TASK TO COMPLETE:
Make an exact copy of the listing, without images.

DATA SECTION:
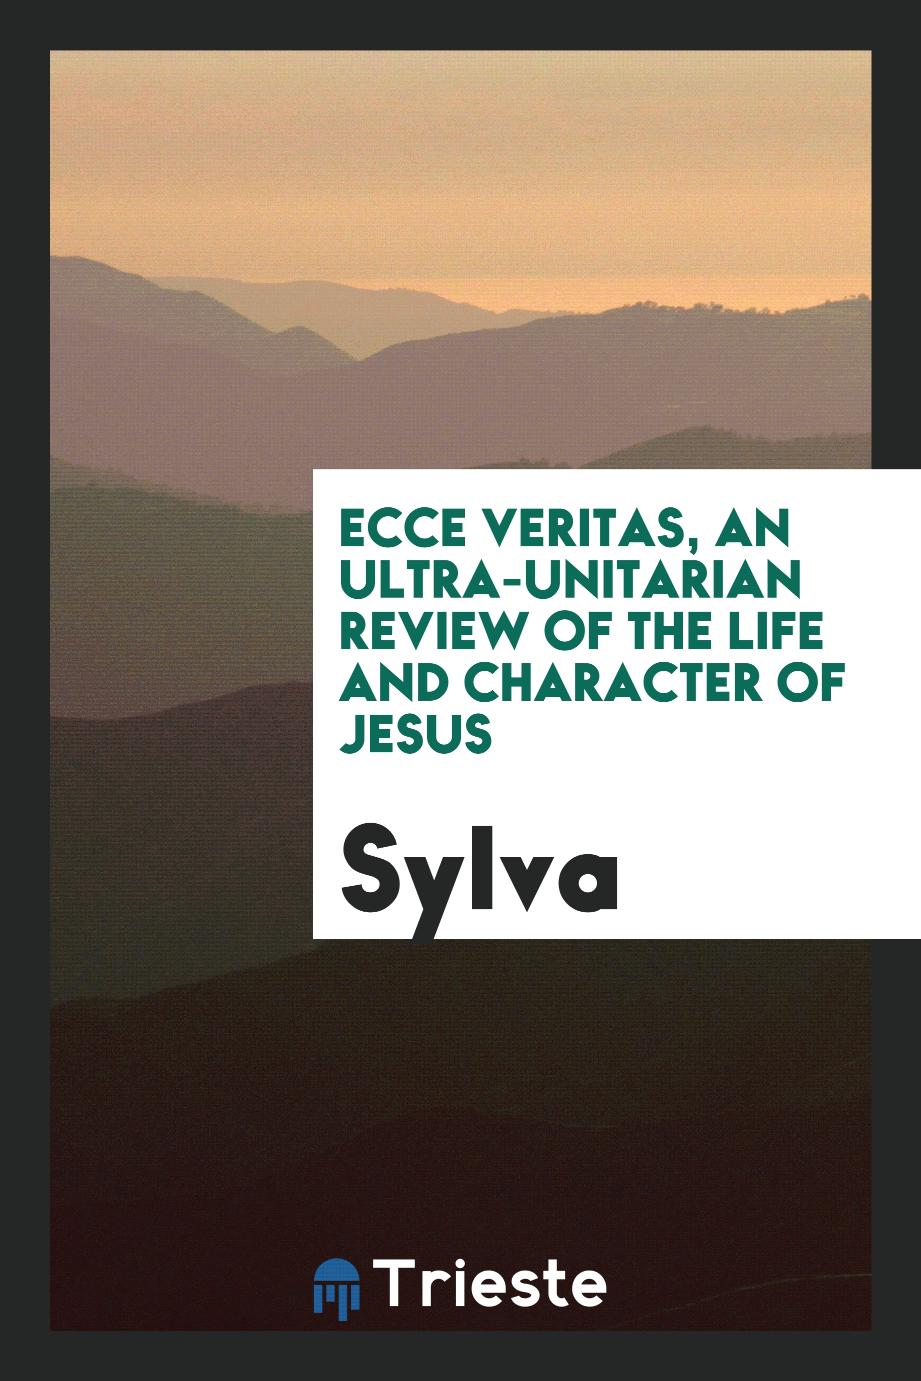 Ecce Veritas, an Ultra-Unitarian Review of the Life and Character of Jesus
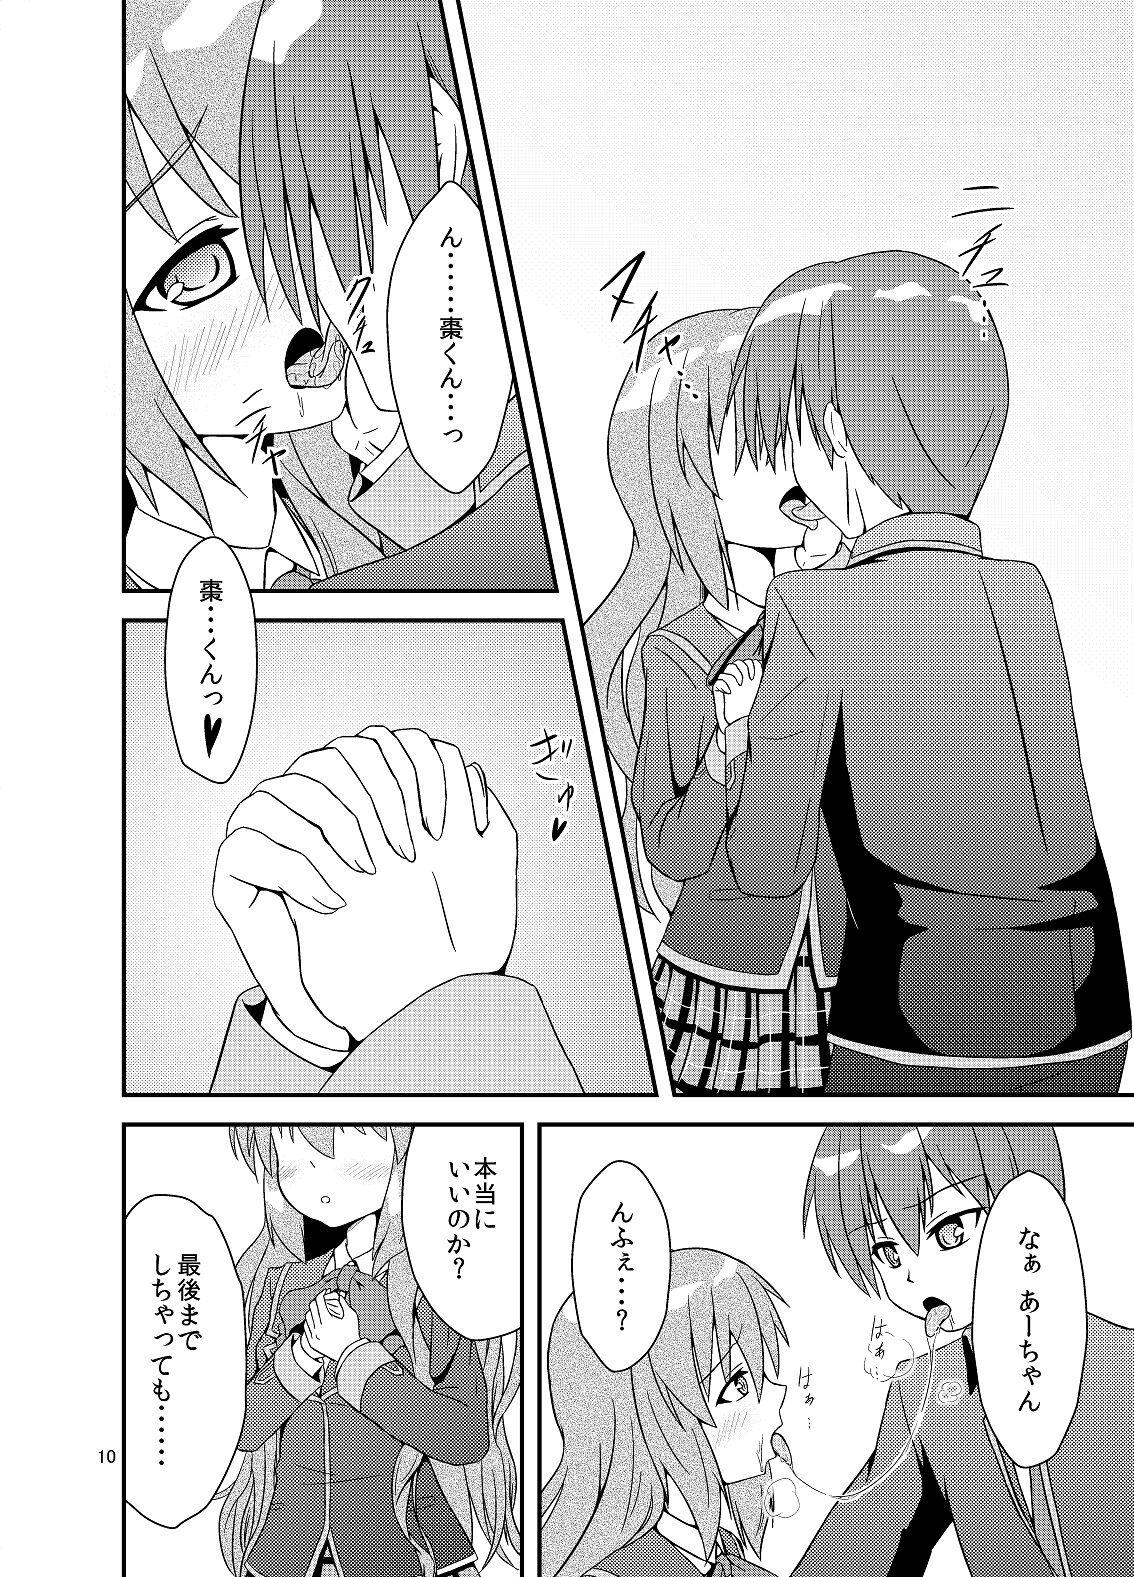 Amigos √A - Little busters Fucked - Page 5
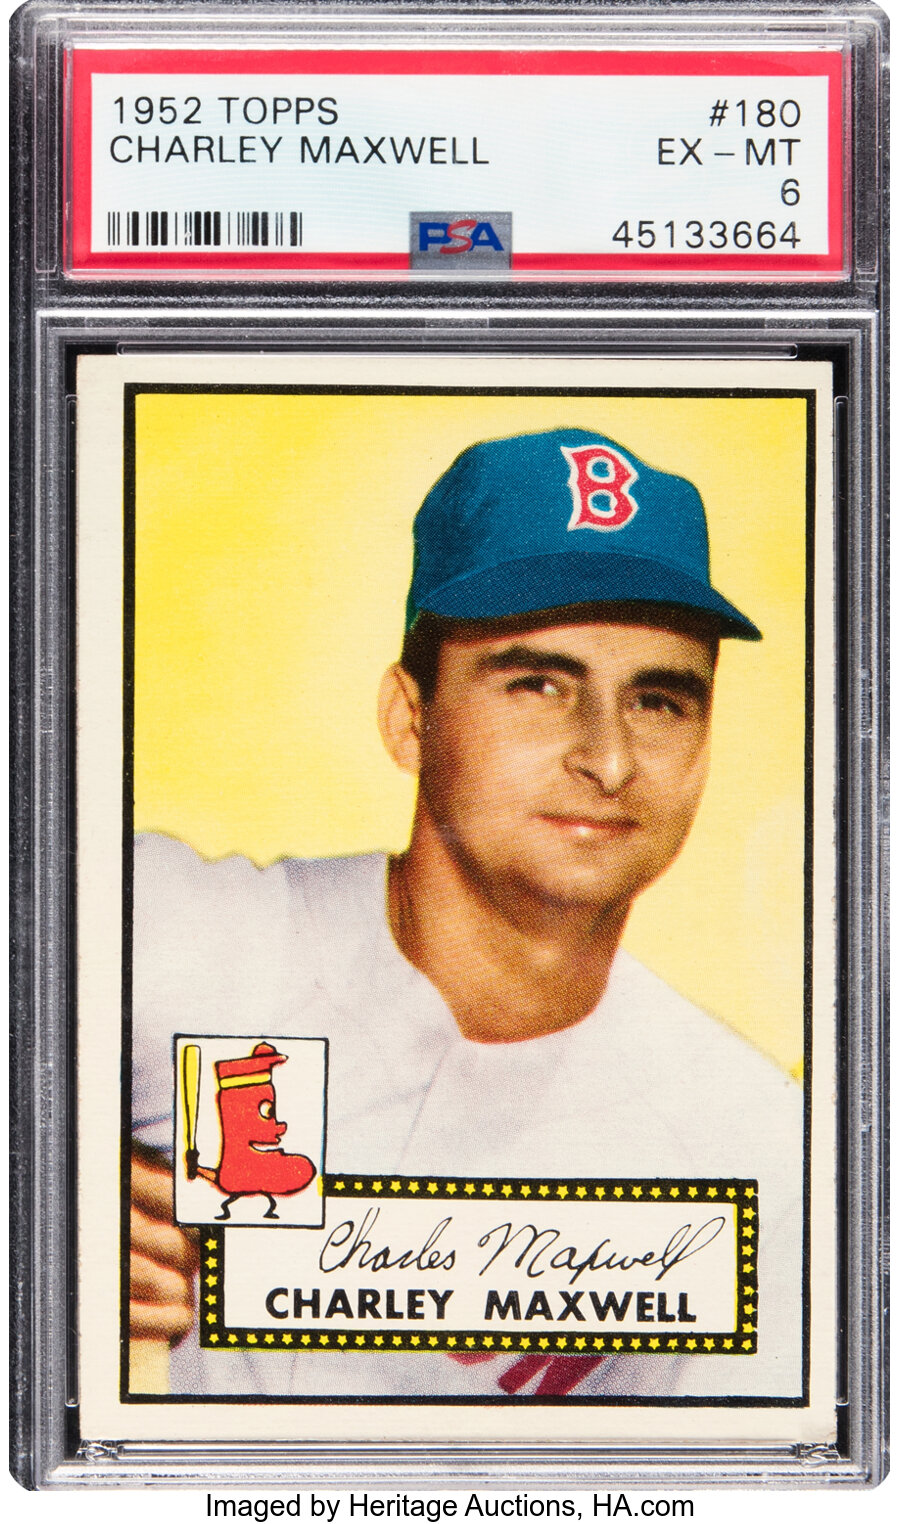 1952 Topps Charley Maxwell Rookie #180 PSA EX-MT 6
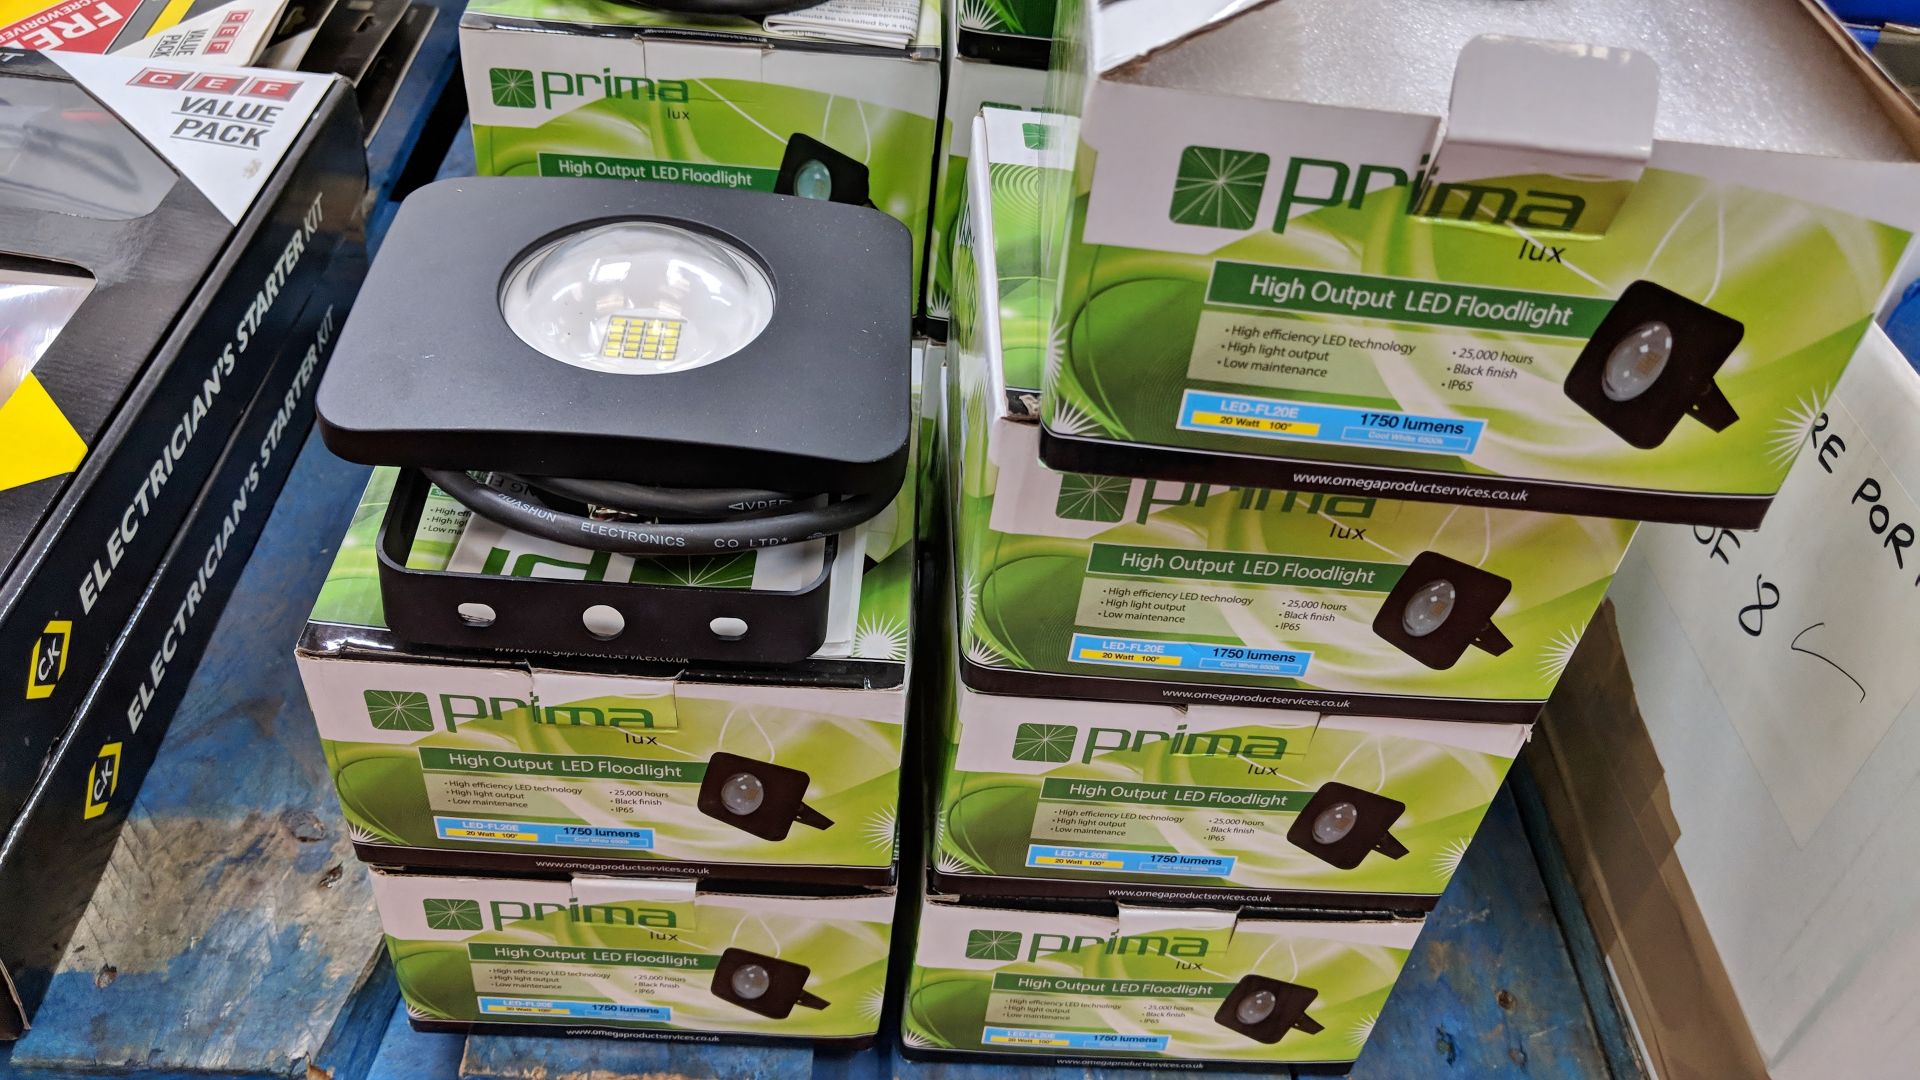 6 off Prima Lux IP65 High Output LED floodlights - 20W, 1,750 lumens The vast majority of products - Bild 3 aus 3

YOUR RESPONSE:
 Ecce Veritas, an Ultra-Unitarian Review of the Life and Character of Jesus
 Amigos √A - Little busters Fucked - Page 5
 1952 Topps Charley Maxwell Rookie #180 PSA EX-MT 6
 6 off Prima Lux IP65 High Output LED floodlights - 20W, 1,750 lumens The vast majority of products - Bild 3 aus 3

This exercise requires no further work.